PROVIDED MATERIAL
---

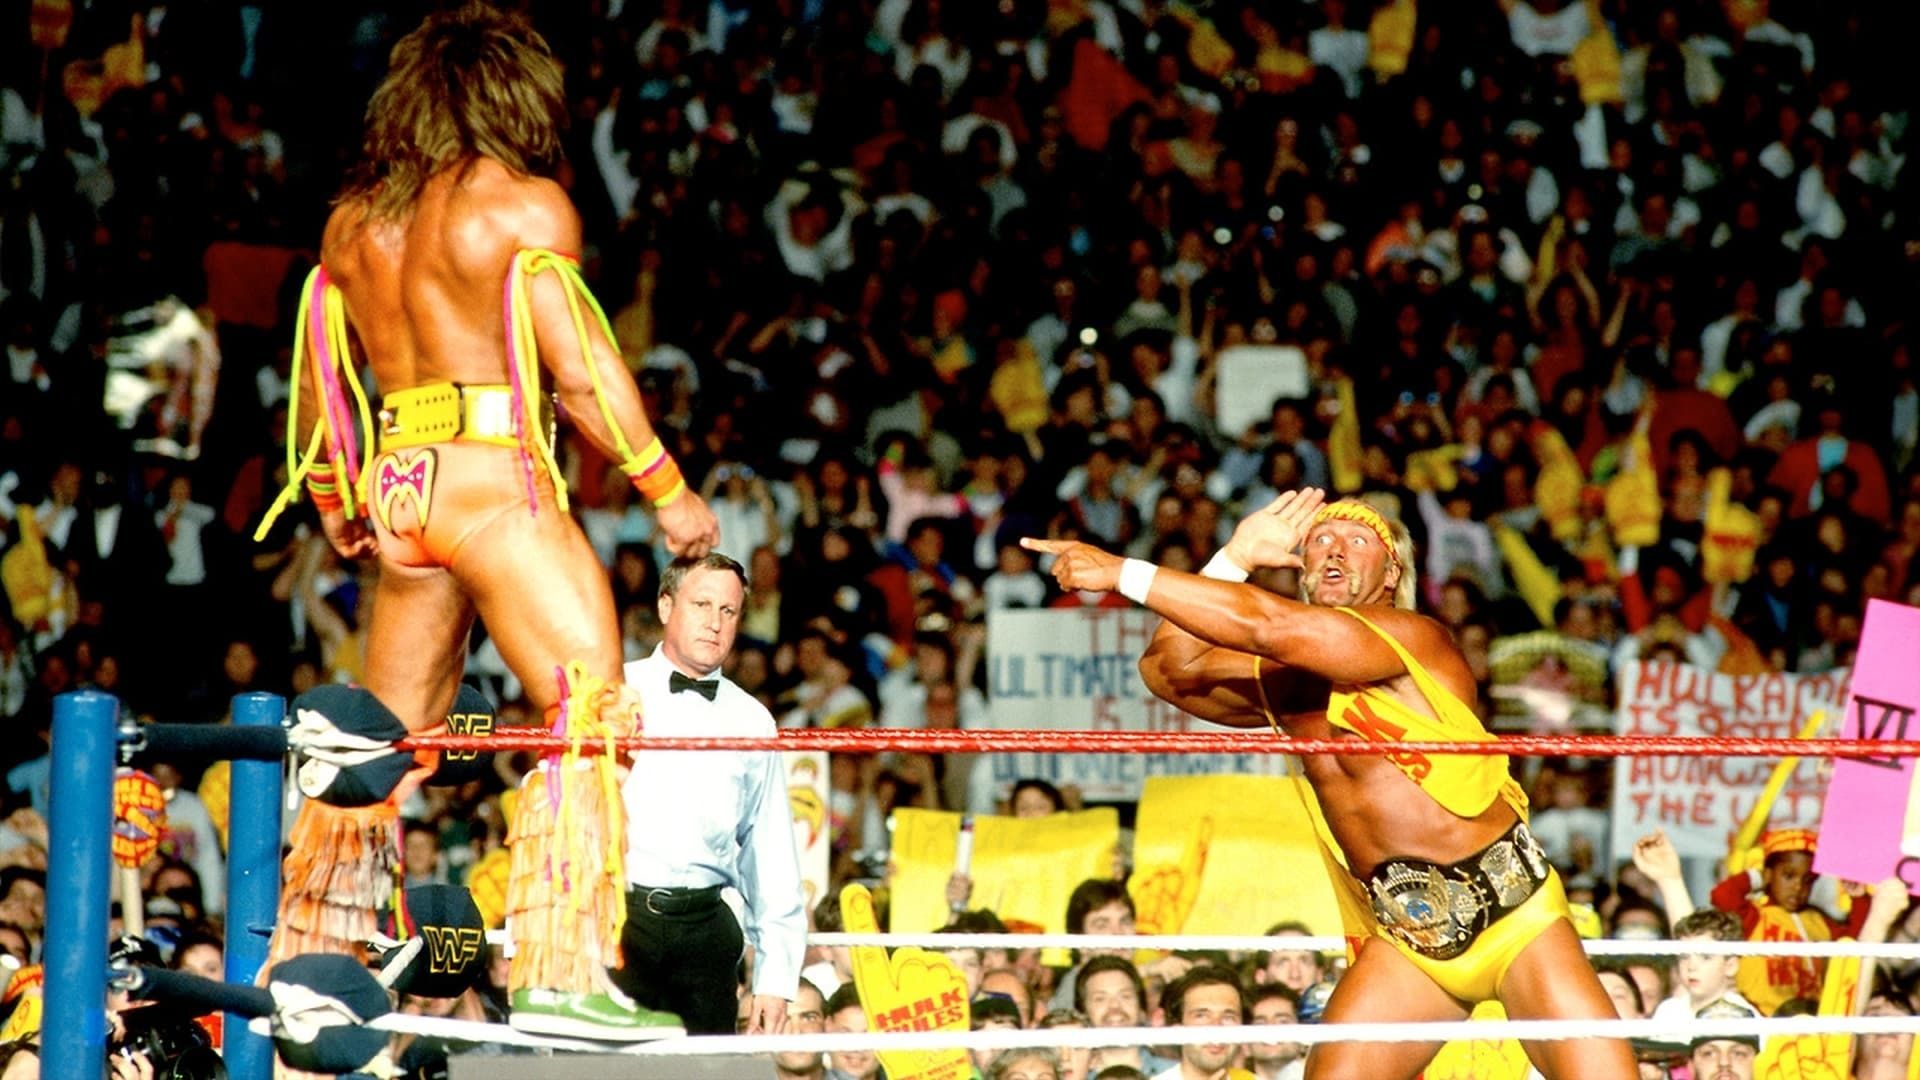 WrestleMania VI background
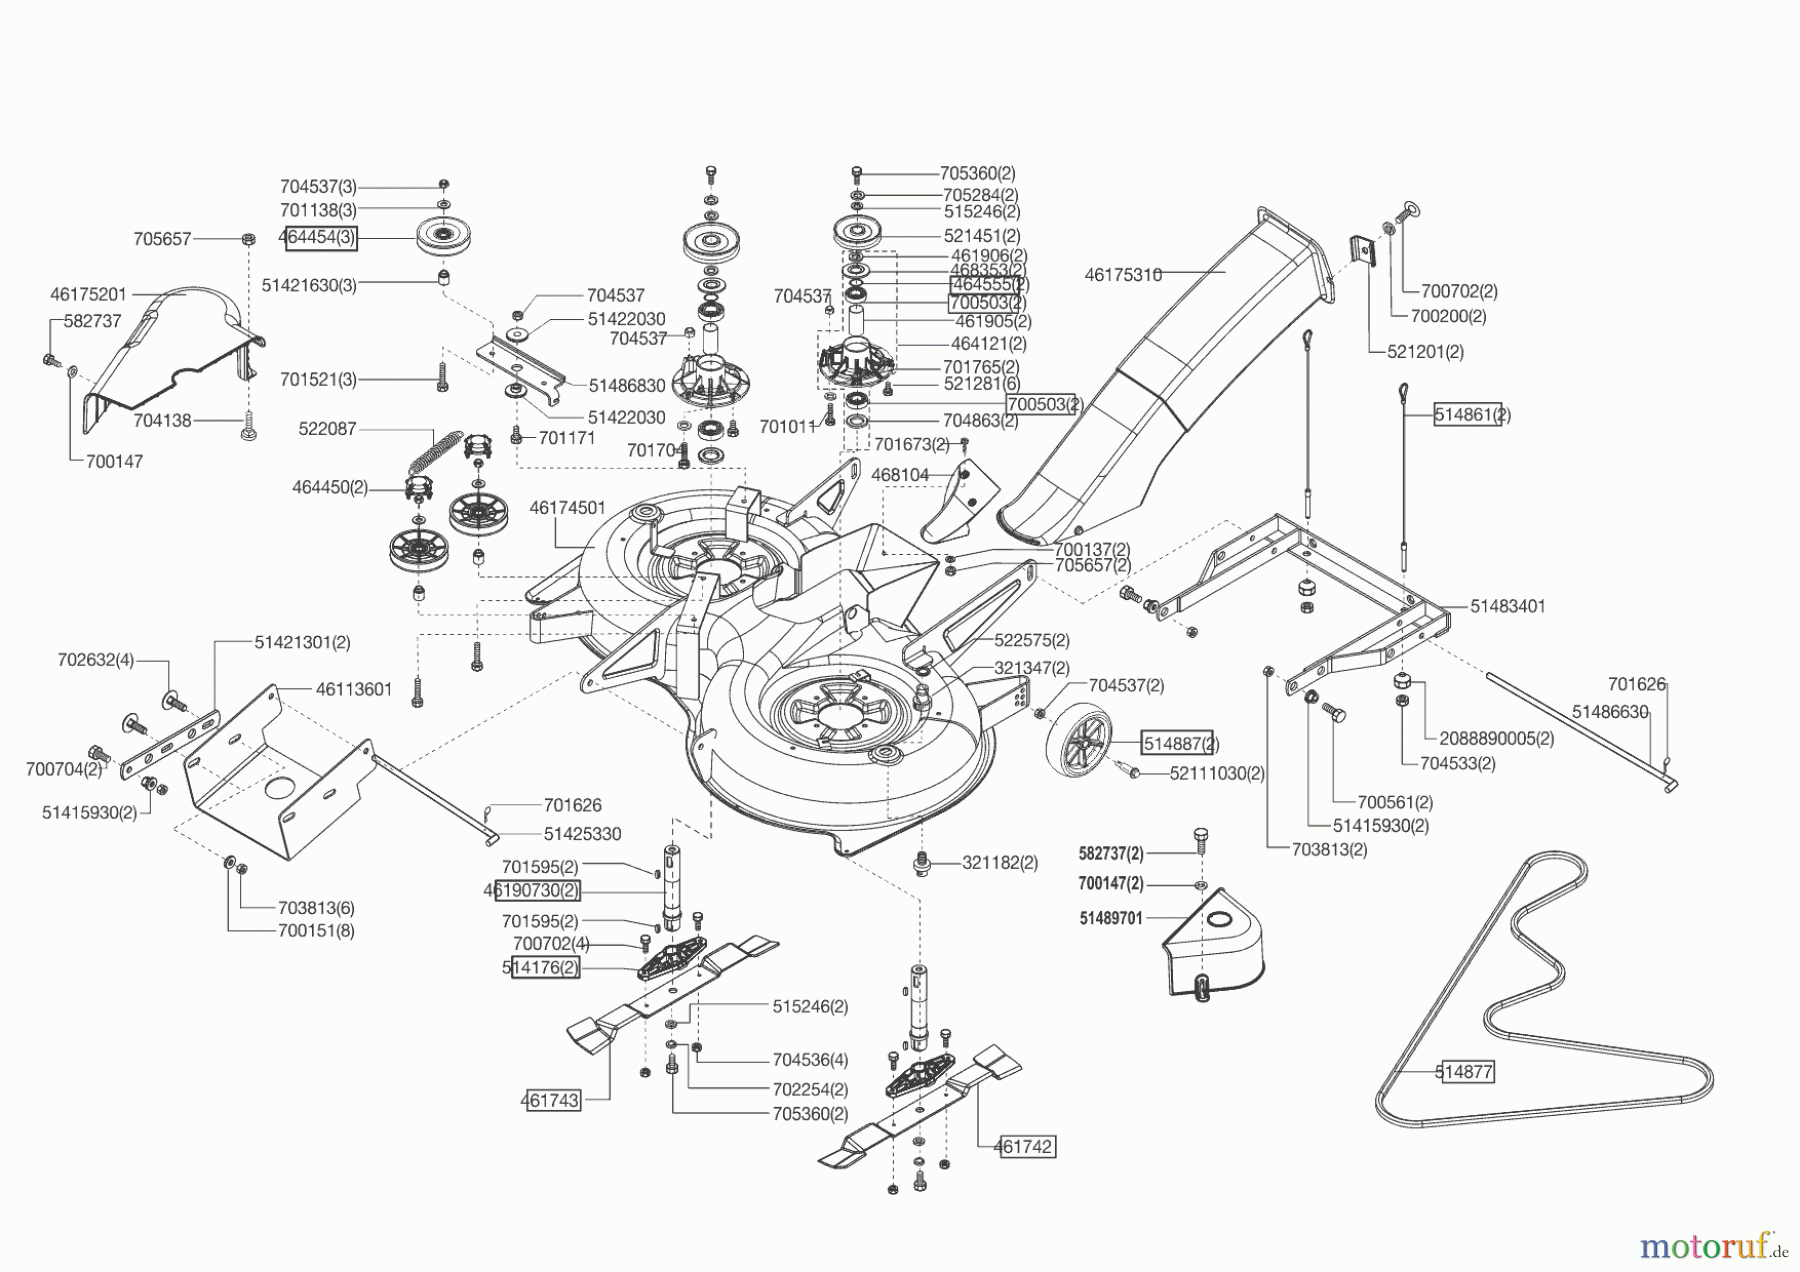  AL-KO Gartentechnik Rasentraktor Comfort T 954 HD-A  ab 03/2015 Seite 5
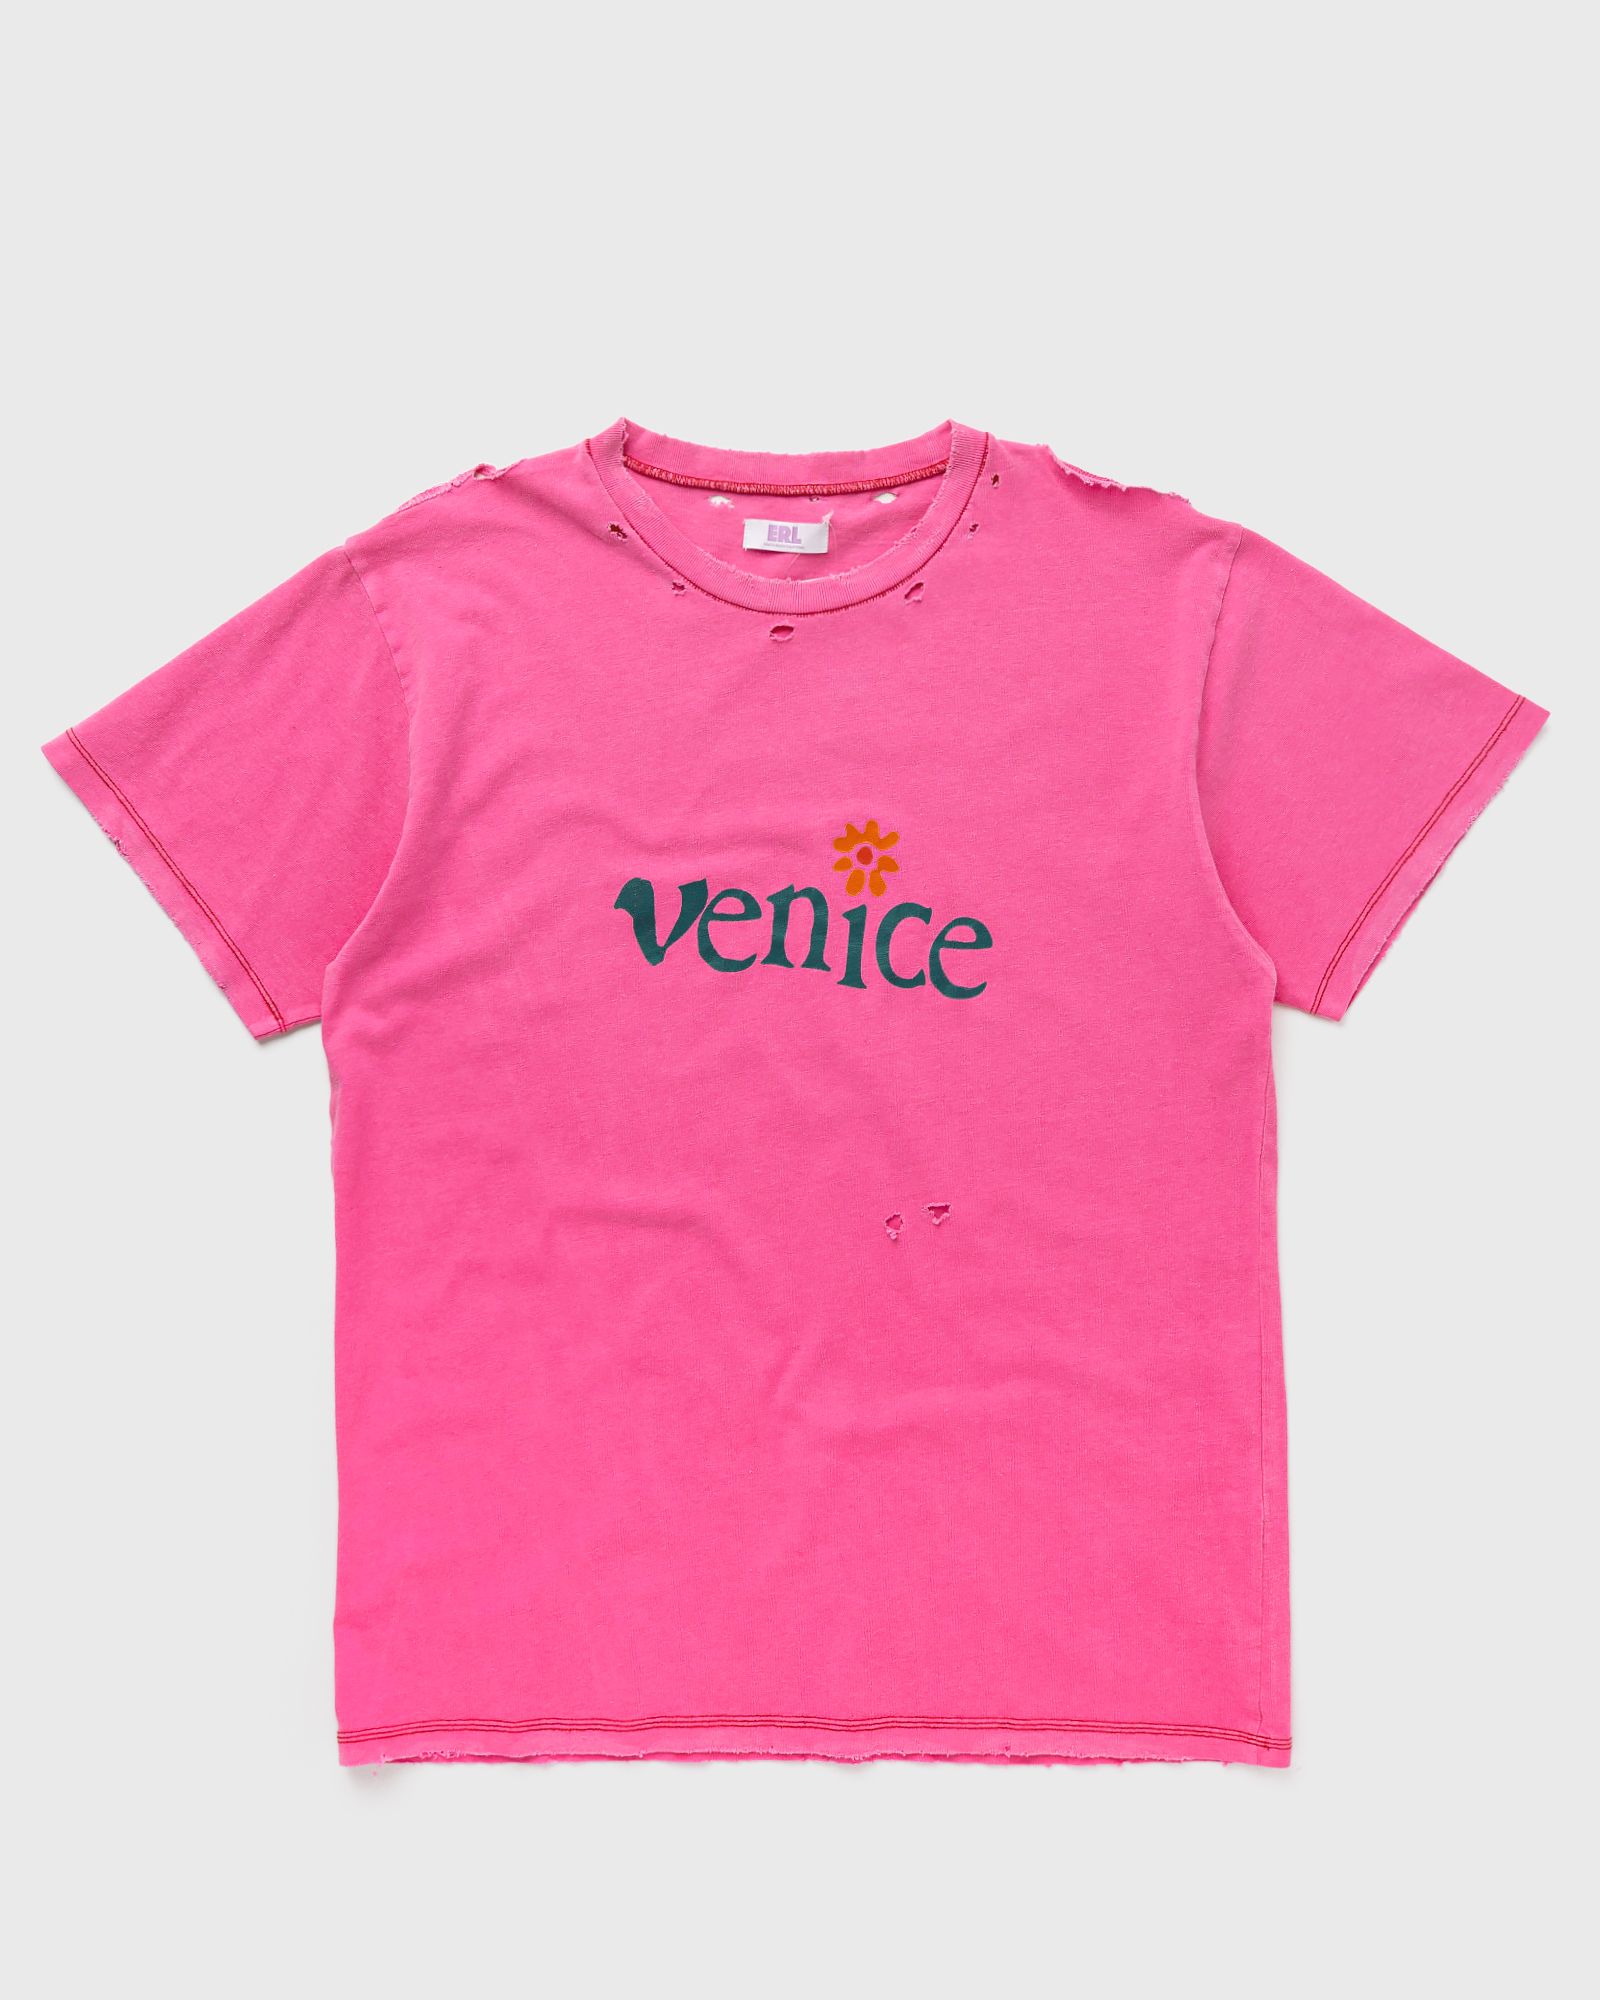 ERL - venice tee knit men shortsleeves pink in größe:xxl

---

TO DO
A verbatim copy of the listing is required, with all pictures left out.

RESULT FOR THIS EXERCISE
 WrestleMania VI background
  AL-KO Gartentechnik Rasentraktor Comfort T 954 HD-A  ab 03/2015 Seite 5
 ERL - venice tee knit men shortsleeves pink in größe:xxl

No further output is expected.